• _Your instructions_
Transcribe the data exactly, pictures excluded.

• _Provided material_
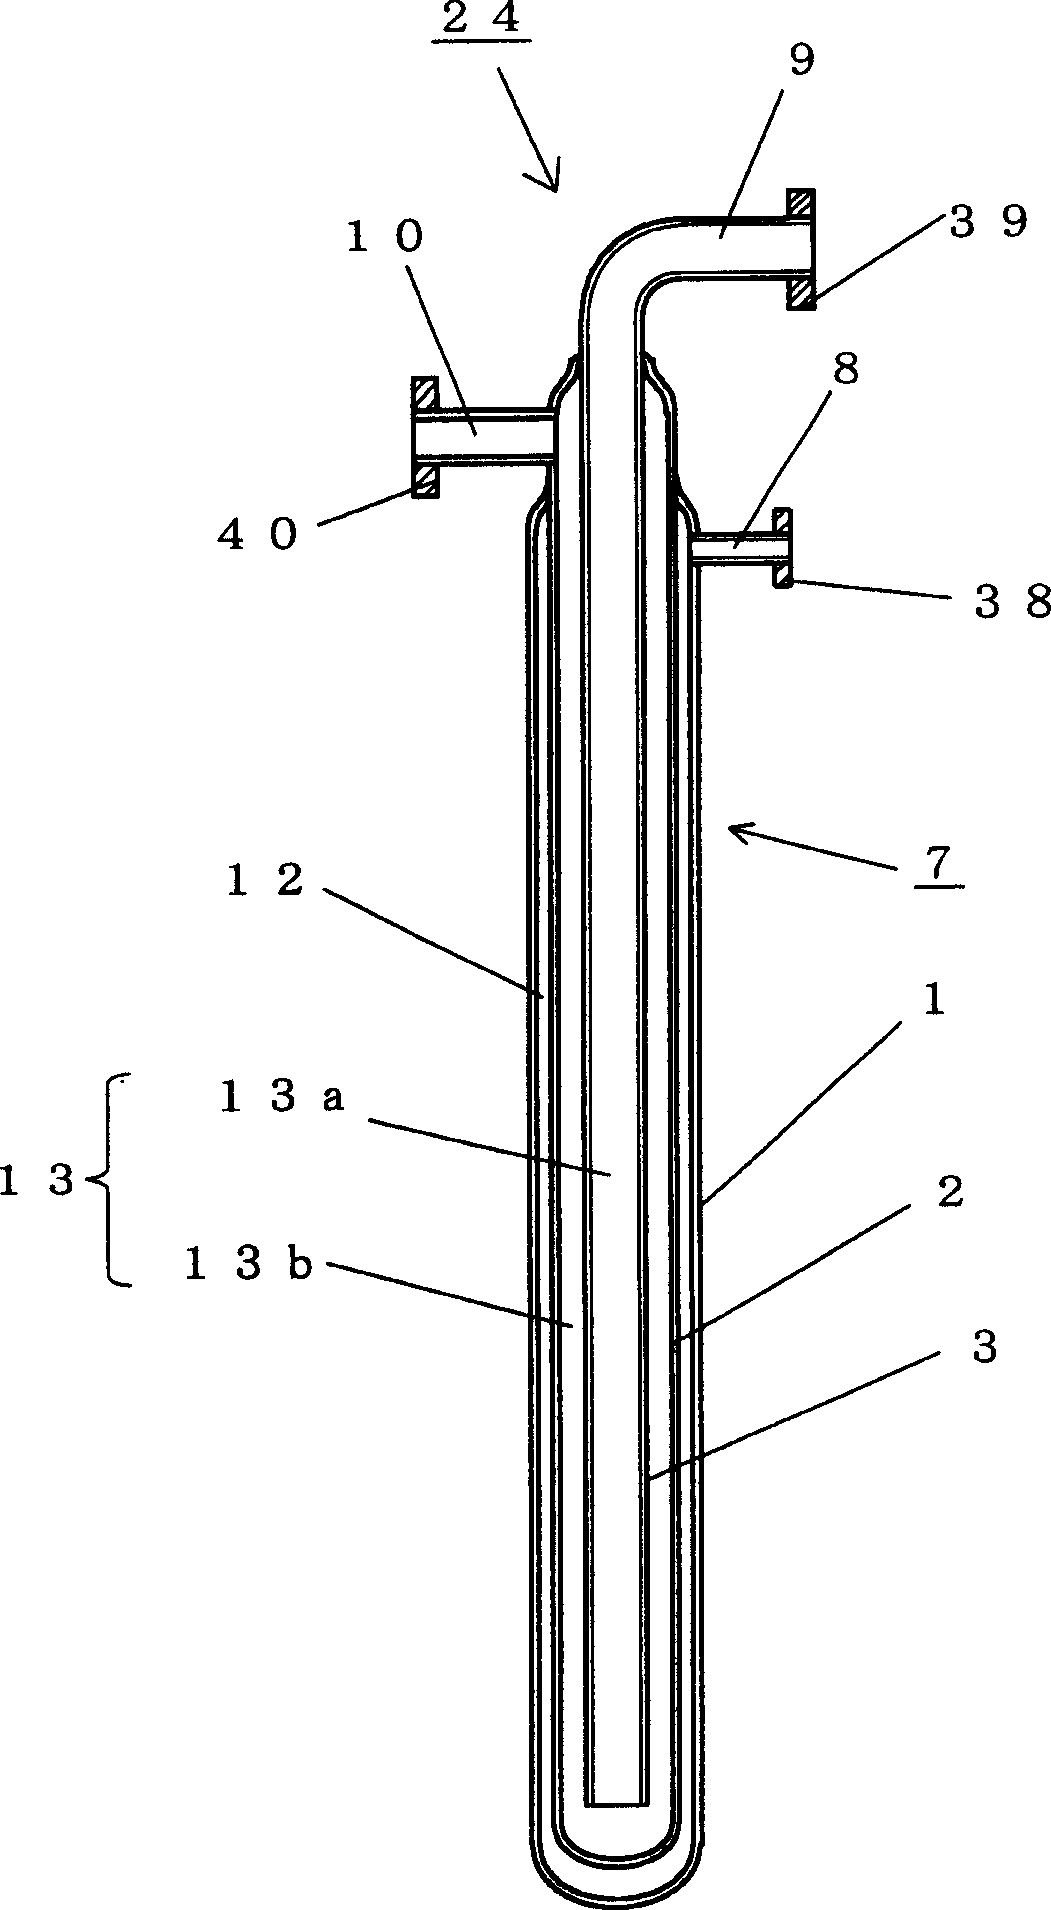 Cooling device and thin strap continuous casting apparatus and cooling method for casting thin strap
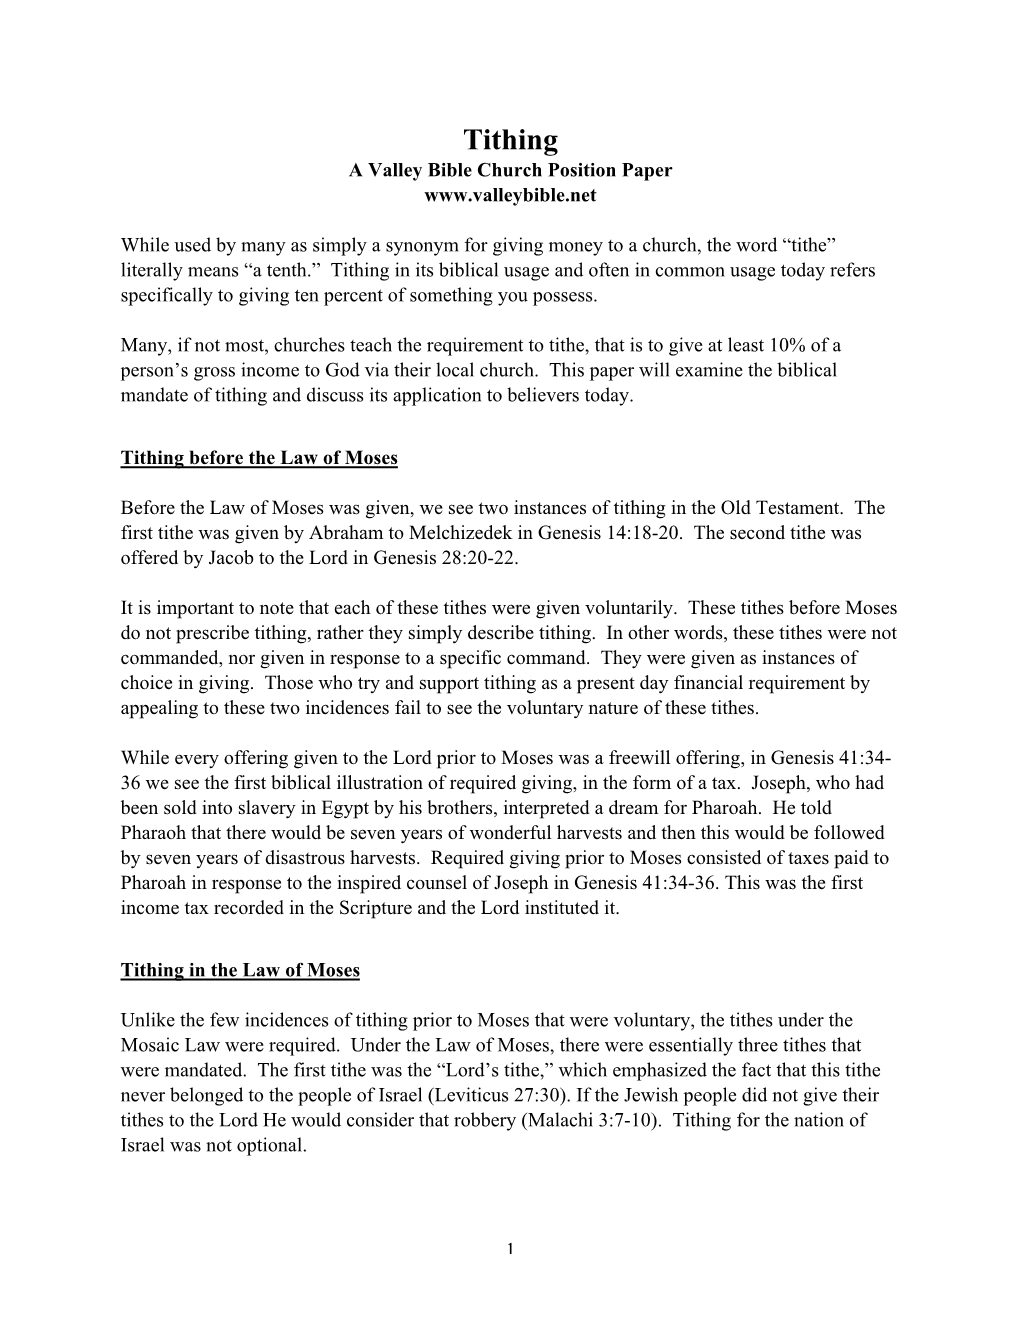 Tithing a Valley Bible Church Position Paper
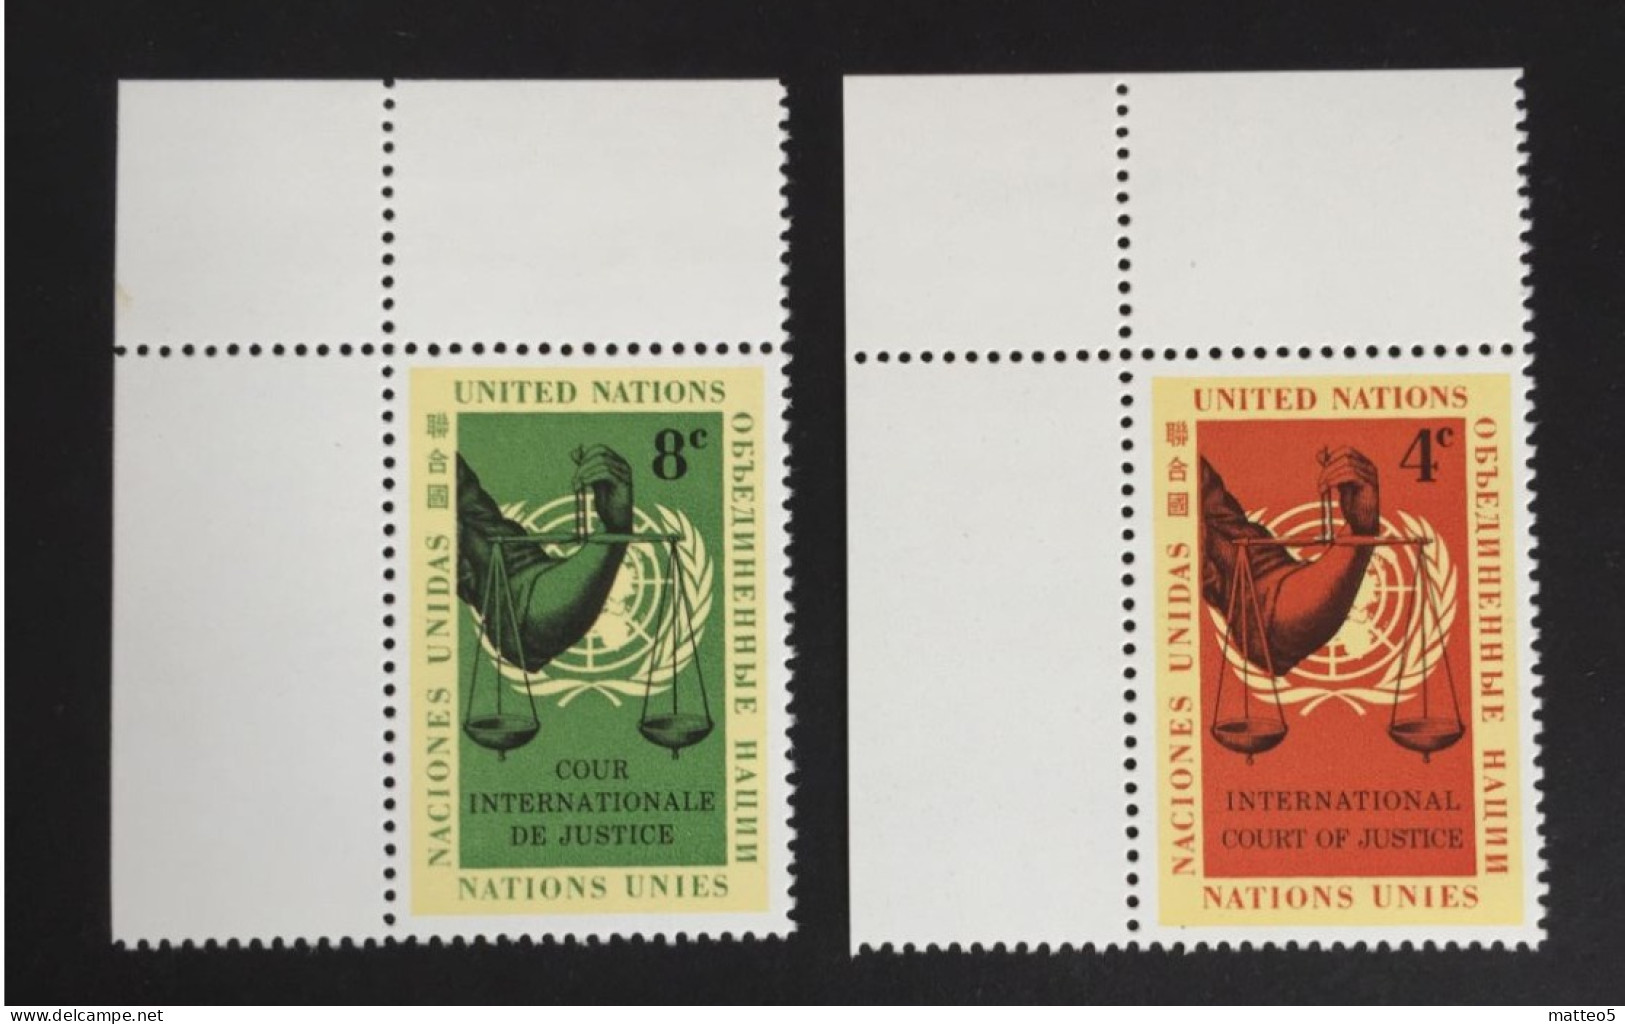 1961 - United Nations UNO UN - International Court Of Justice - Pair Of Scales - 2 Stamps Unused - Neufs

• _Task result_
 Cooling device and thin strap continuous casting apparatus and cooling method for casting thin strap
 Tithing a Valley Bible Church Position Paper
 1961 - United Nations UNO UN - International Court Of Justice - Pair Of Scales - 2 Stamps Unused - Neufs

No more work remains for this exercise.